Using the listing below, copy exactly each line from the one that has "露纳巴廖尼酒店(Baglioni Hotel Luna)" through the one that has "El Congo será"; omit the pictures.

### [RECORDS FOR THIS TASK]
***

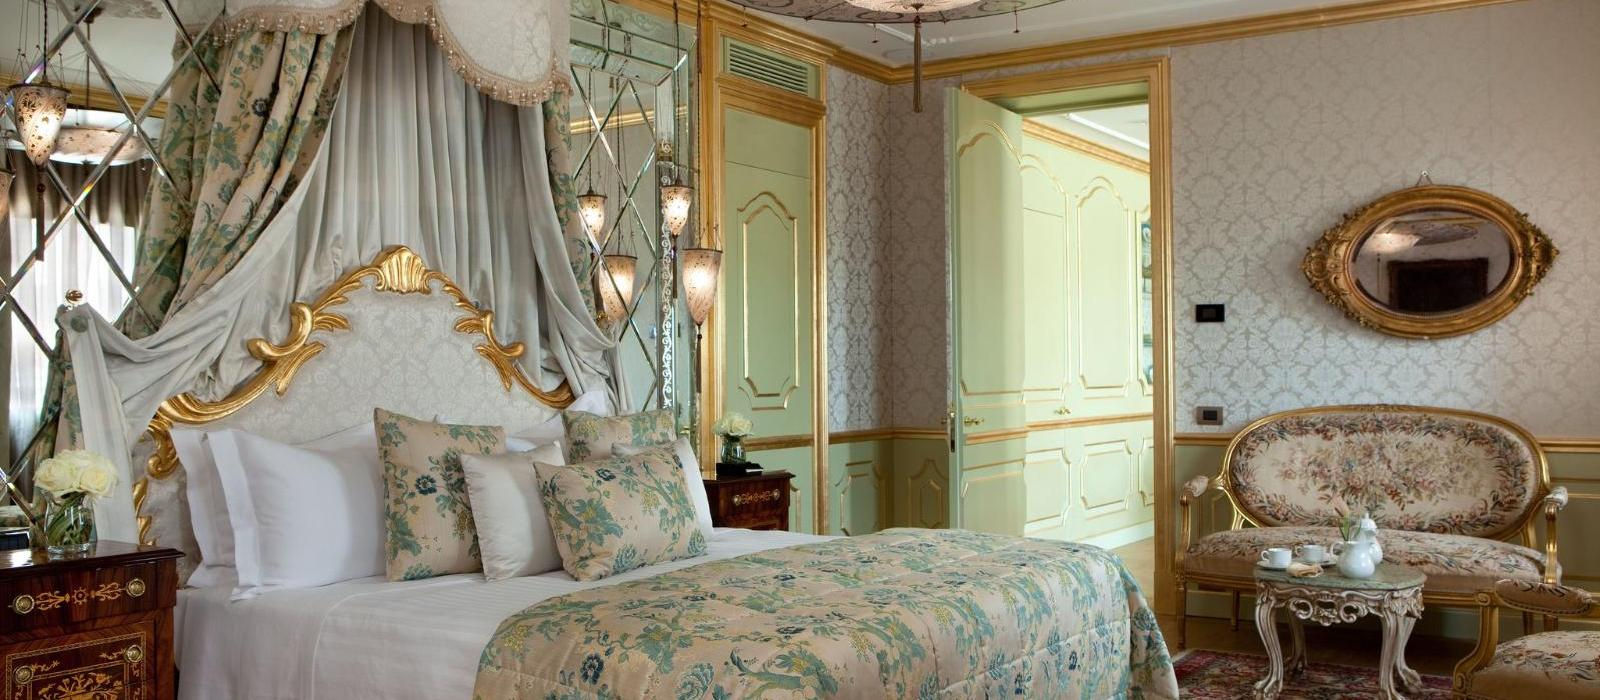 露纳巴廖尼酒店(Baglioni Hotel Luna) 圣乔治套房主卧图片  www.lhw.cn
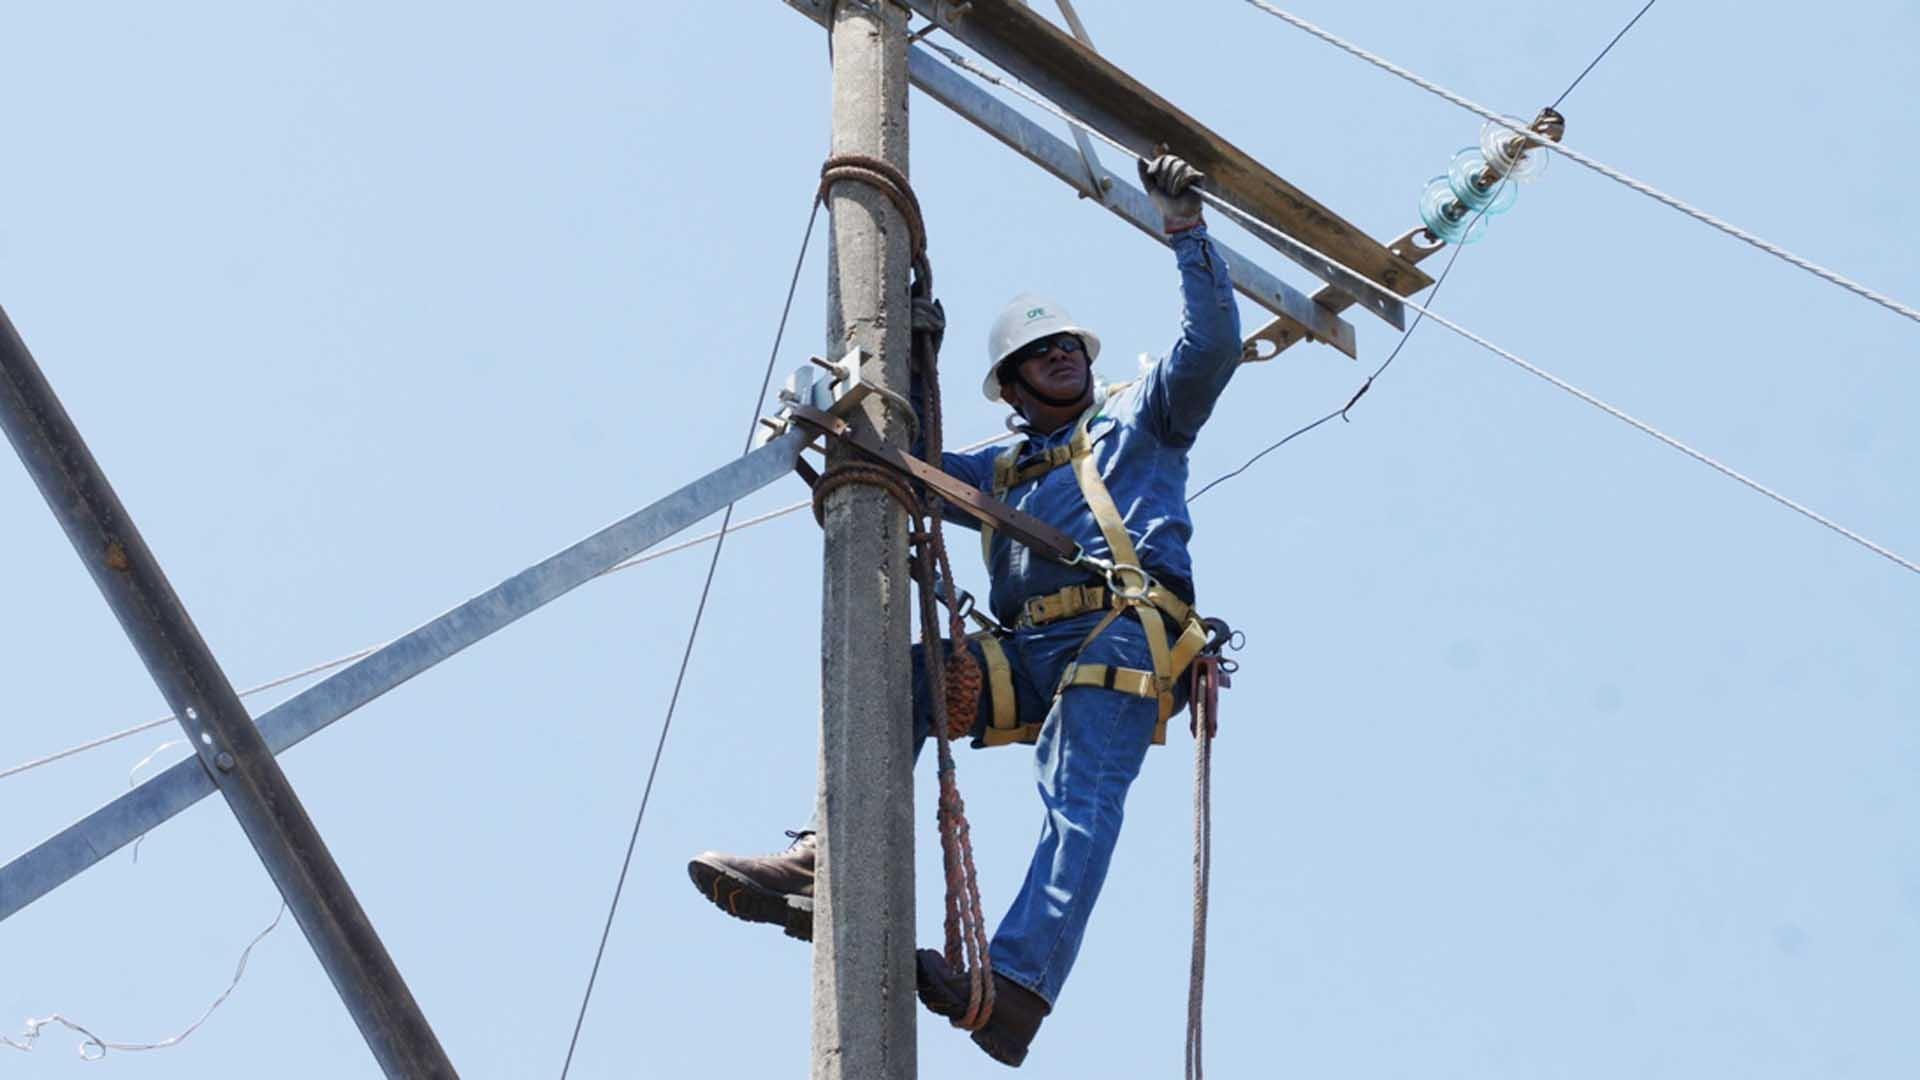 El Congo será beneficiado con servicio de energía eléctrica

***

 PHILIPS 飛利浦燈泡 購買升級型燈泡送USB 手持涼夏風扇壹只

***

### [ANSWER SPACE]
 露纳巴廖尼酒店(Baglioni Hotel Luna) 圣乔治套房主卧图片  www.lhw.cn
 El Congo será beneficiado con servicio de energía eléctrica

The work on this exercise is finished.